Sátiro pasó por alto su admiración y bajó a la cubierta.

Diocles ya estaba virando hacia el mar.

—¿Qué ocurre? —preguntó.

—El
Loto Dorado
está en la rada —contestó Sátiro. Miró en derredor—. ¡Todos los oficiales! —llamó.

Neiron estaba sentando a los remeros en las bancadas. Hizo una seña.

Kalos ya había arriado las reveladoras velas. Alguien que observara desde la playa solo podría alcanzar a ver dos palos desnudos a contraluz del ocaso. Se dirigió a popa, deteniéndose para maldecir a un marinero que mostraba torpeza plegando la preciada vela.

Apolodoro, otro superviviente de Gaza, vino desde la proa. Sin armadura, y pese a su corta estatura, exhibía su formidable musculatura. Un hombre muy duro, sin duda. A falta de Abraham, era el filarco de sus infantes.

Sátiro señaló hacia el puerto.

—Es posible que León haya venido aquí —anunció.

—No puede ser León —dijo Terón—. Lo rodeaban diez barcos cuando escapamos. Lo apresaron.

—Nosotros escapamos —repuso Sátiro.

—Él no —insistió Terón.

—¿Ninguna posibilidad? —preguntó Sátiro, acallándolos—. Tomis es un puerto amigo. Si esos barcos son los de Eumeles, él y su navarco son idiotas.
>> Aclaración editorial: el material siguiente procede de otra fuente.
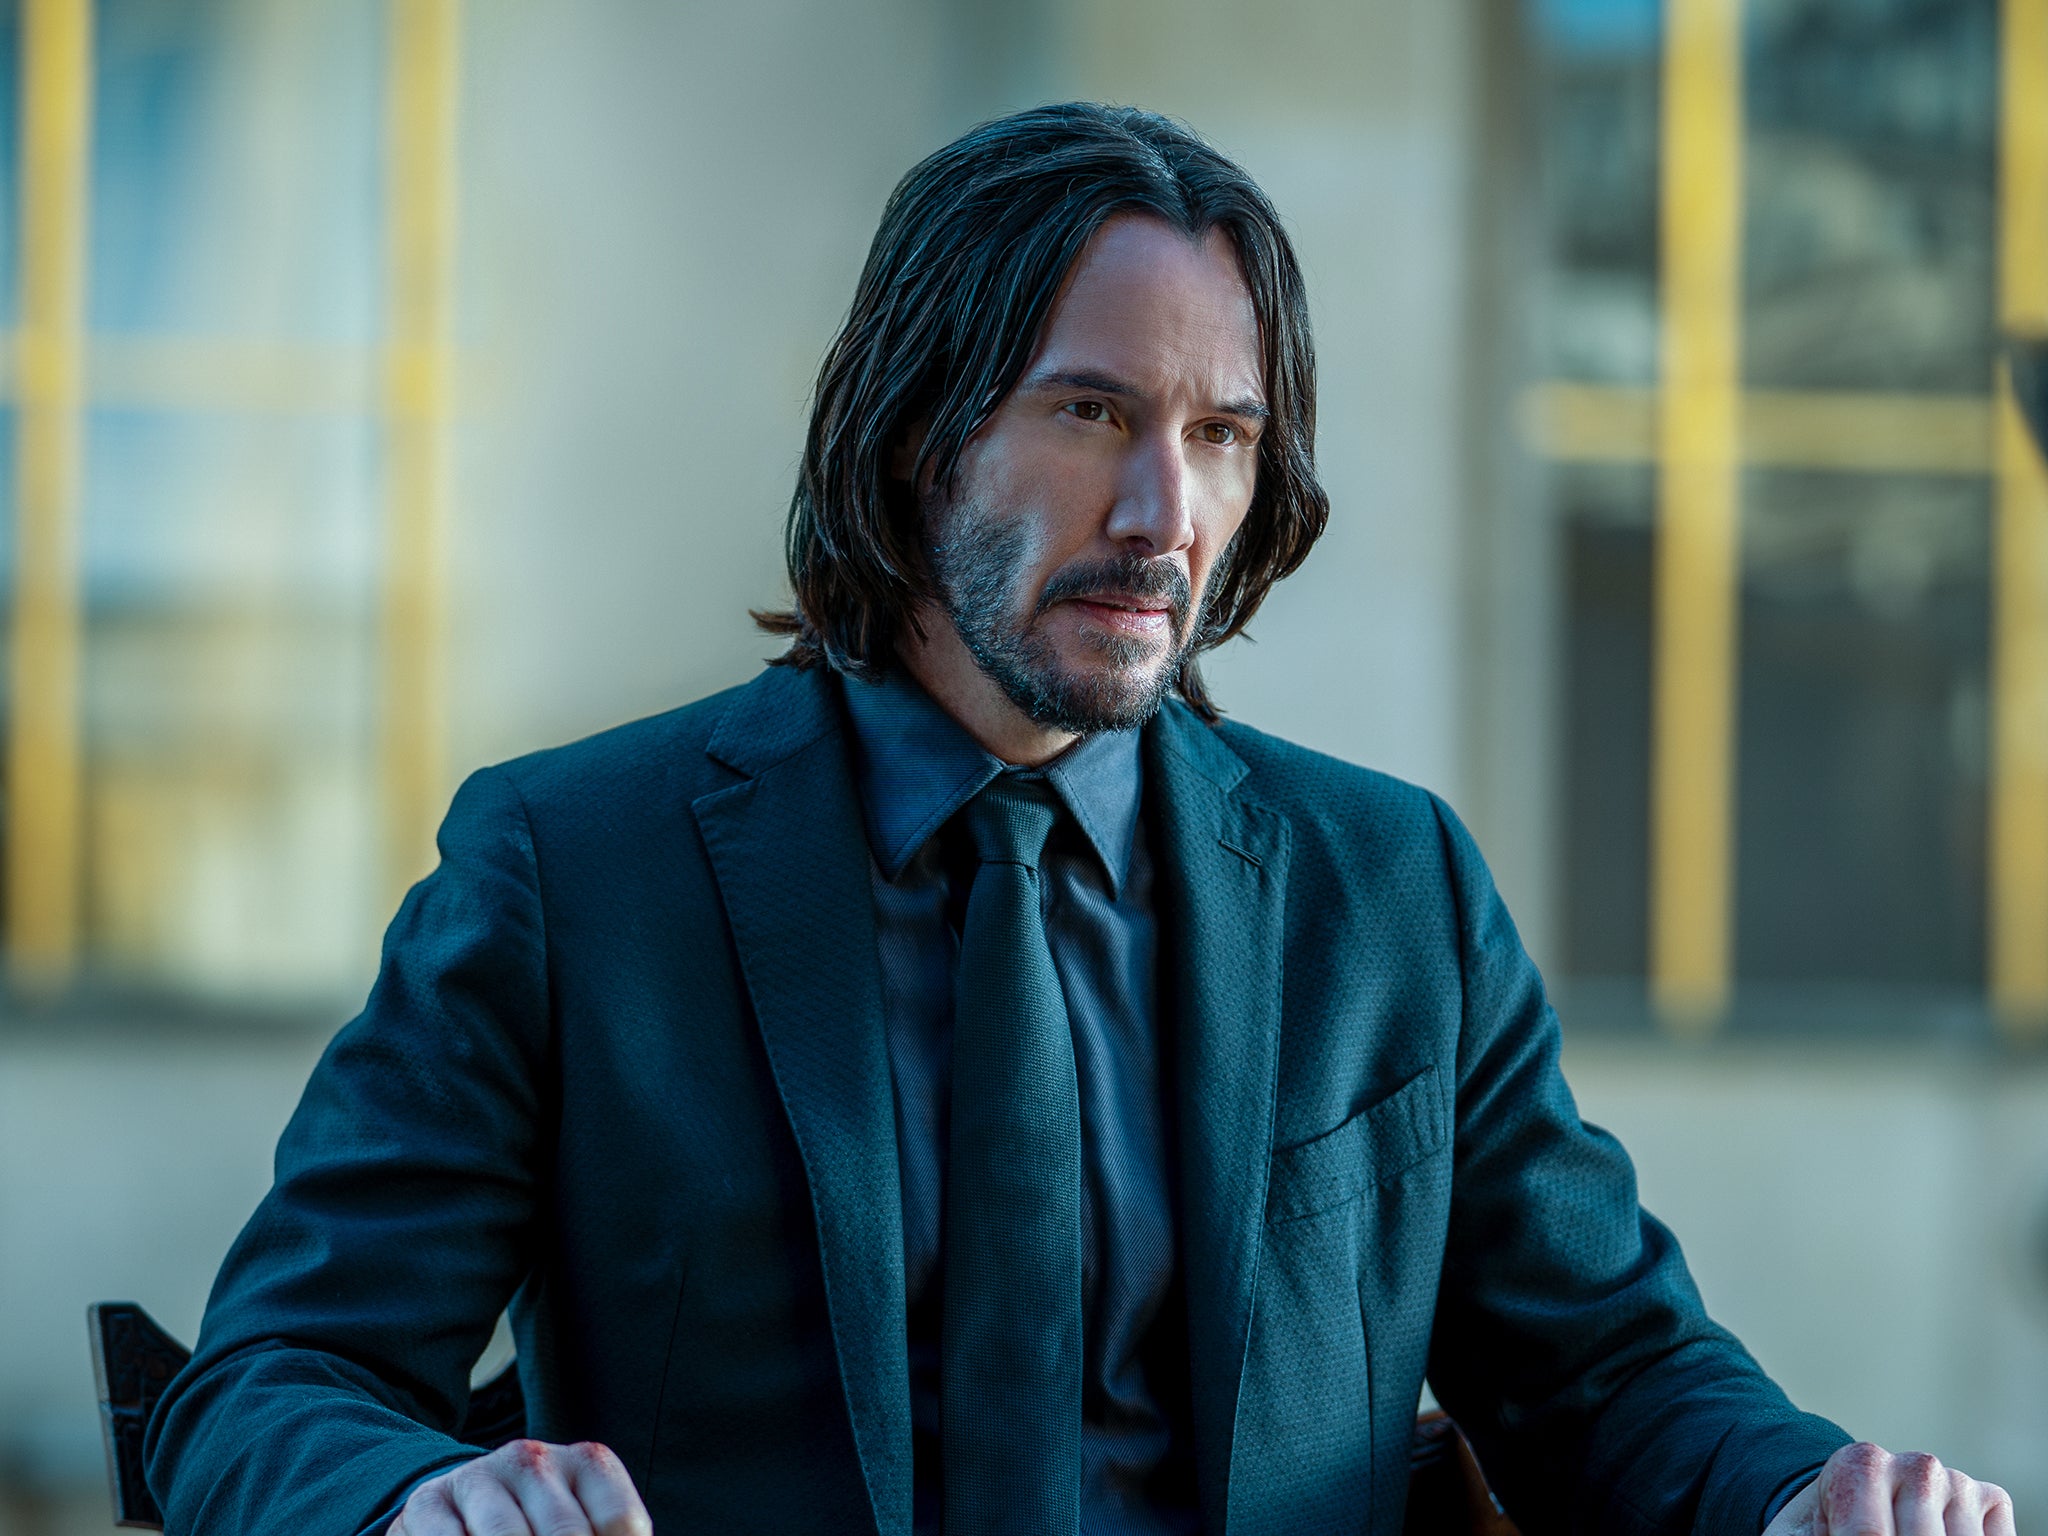 How to Watch John Wick: Chapter 4 (As A Christian)

Y tenemos un casco lleno de remeros entrenados para luchar. Ahora bien, si es León, quedaremos como unos estúpidos y quizá matemos a algún amigo nuestro. Tenemos que saber a qué atenernos.
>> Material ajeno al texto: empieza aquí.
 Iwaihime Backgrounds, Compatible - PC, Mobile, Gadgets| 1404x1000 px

Kalos se encogió de hombros.

—Entramos, nos abarloamos y les ponemos un cuchillo en el cuello. Si son amigos, pedimos perdón y dejamos que nos inviten a vino.

—Hete aquí por qué no eres navarco —dijo Neiron, rascándose el cogote—. Estoy de acuerdo con el capitán. Tenemos que saber.

Terón asintió lentamente.

—Yo también estoy de acuerdo.

Sátiro asintió.

—Bien. Voy yo.

Terón negó con la cabeza.

—No seas tonto, chaval.

Sátiro se volvió y miró fríamente a su antiguo entrenador.

—No soy un chaval, y tampoco soy tonto, Terón. Ya hablaremos de esto en otro momento —dijo con cuidado, procurando traslucir la menor ira posible. Había llegado la hora de marcar las distancias con todos ellos, decidió—. Aquí tengo amigos de familia. Soy joven, sé nadar y estoy prácticamente ileso.

—Deja que vaya Diocles o uno de los chicos —dijo Terón. Era evidente que le había dolido la reprimenda de su antiguo alumno—. Tienes el brazo mal.

—He tenido heridas peores —repuso Sátiro.